Spectral entropy requires the power spectral density (PSD) of an EEG signal , which is obtained via discrete Fourier transform (DFT). Give two frequency points of interest, lets say f1 and f2, the power spectrum between these frequencies is normalized and spectral entropy is computed a defined by Shannon entropy

SE = -Σ P_norm log(P_norm),

where the sum is taken over all the frequencies between f1 and f2. For a mono-frequency, periodic signal, SE will be close to zero (Think about the experiment we described about where P(X=1) =1! ) and for white noise, random signal the SE values will be much higher, as a random noise contains power in all frequencies (much like the experiment described above where all the outputs were equally likely).

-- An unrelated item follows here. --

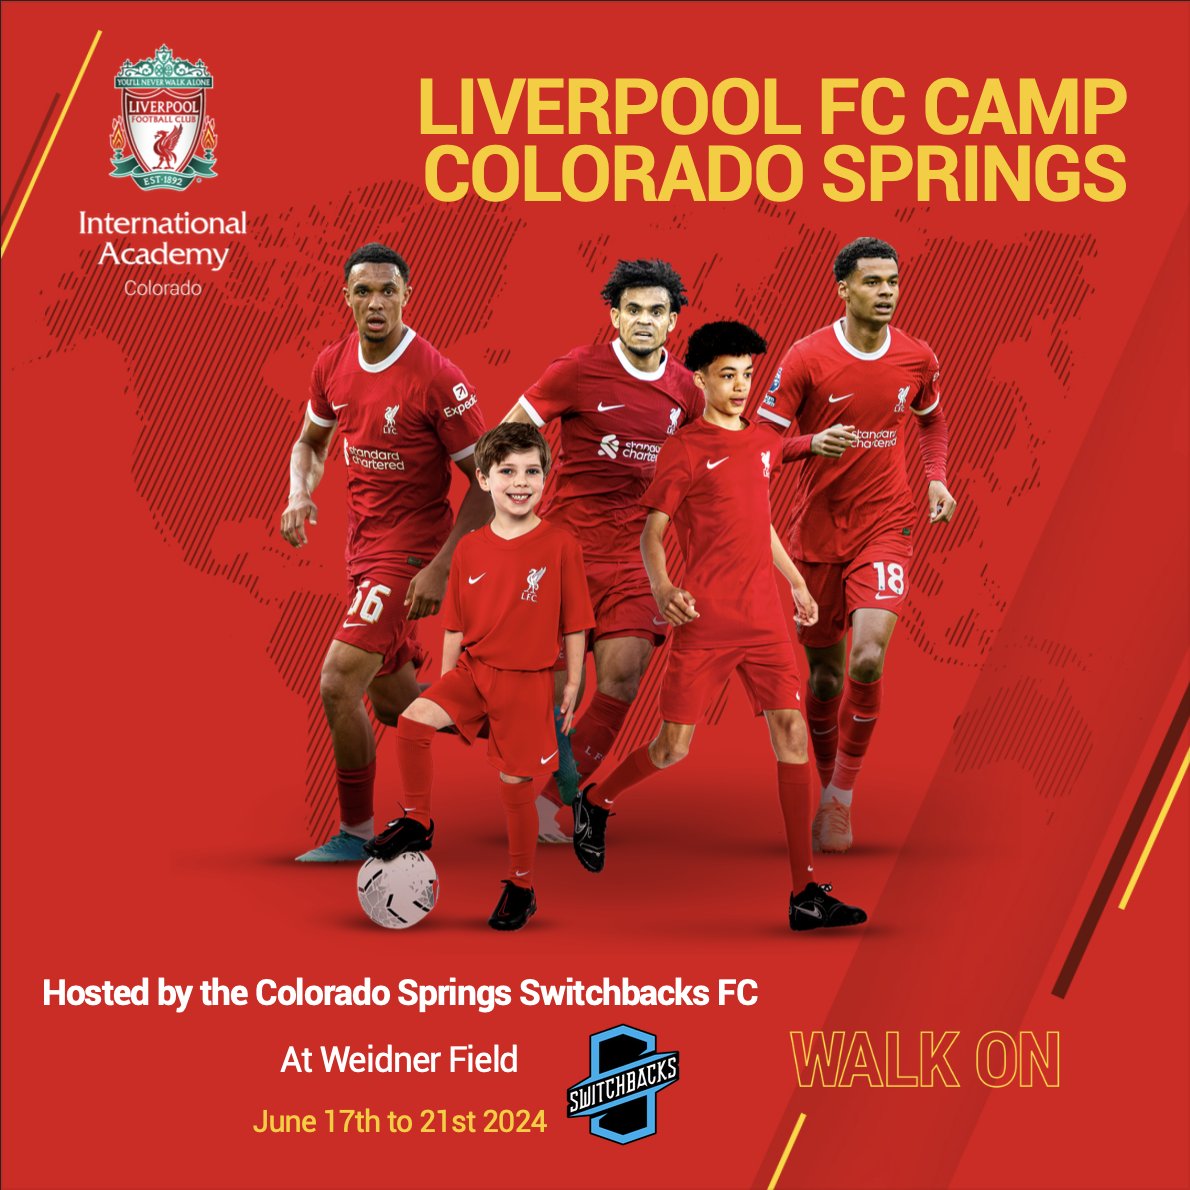 Liverpool FC Summer Camp is almost sold out! Make sure to secure your spot today with the link below: bit.ly/3SzYRiQ #forthesprings #switchbacksfc

See related post The Blue Frog in the EEG

*Total wavelet entropy*

One could use wavelets to decompose an EEG signal into multiple resolutions levels and compute relative energy for each level ‘j’ as

*p(j) = ( Energy at level j ) / (total energy of all levels)*

Now total wavelet entropy as given by Shannon is defined as

TWE = -Σ p(j)log(p(j))

where the sum is taken over all the decomposed levels. TWE measures the amount of order/disorder in a signal. Just as in the case of spectral entropy, a sinusoidal signal would have a TWE value very low, almost close to zero and for a random signal which has its energy spread over all the bands will have a high value of TWE.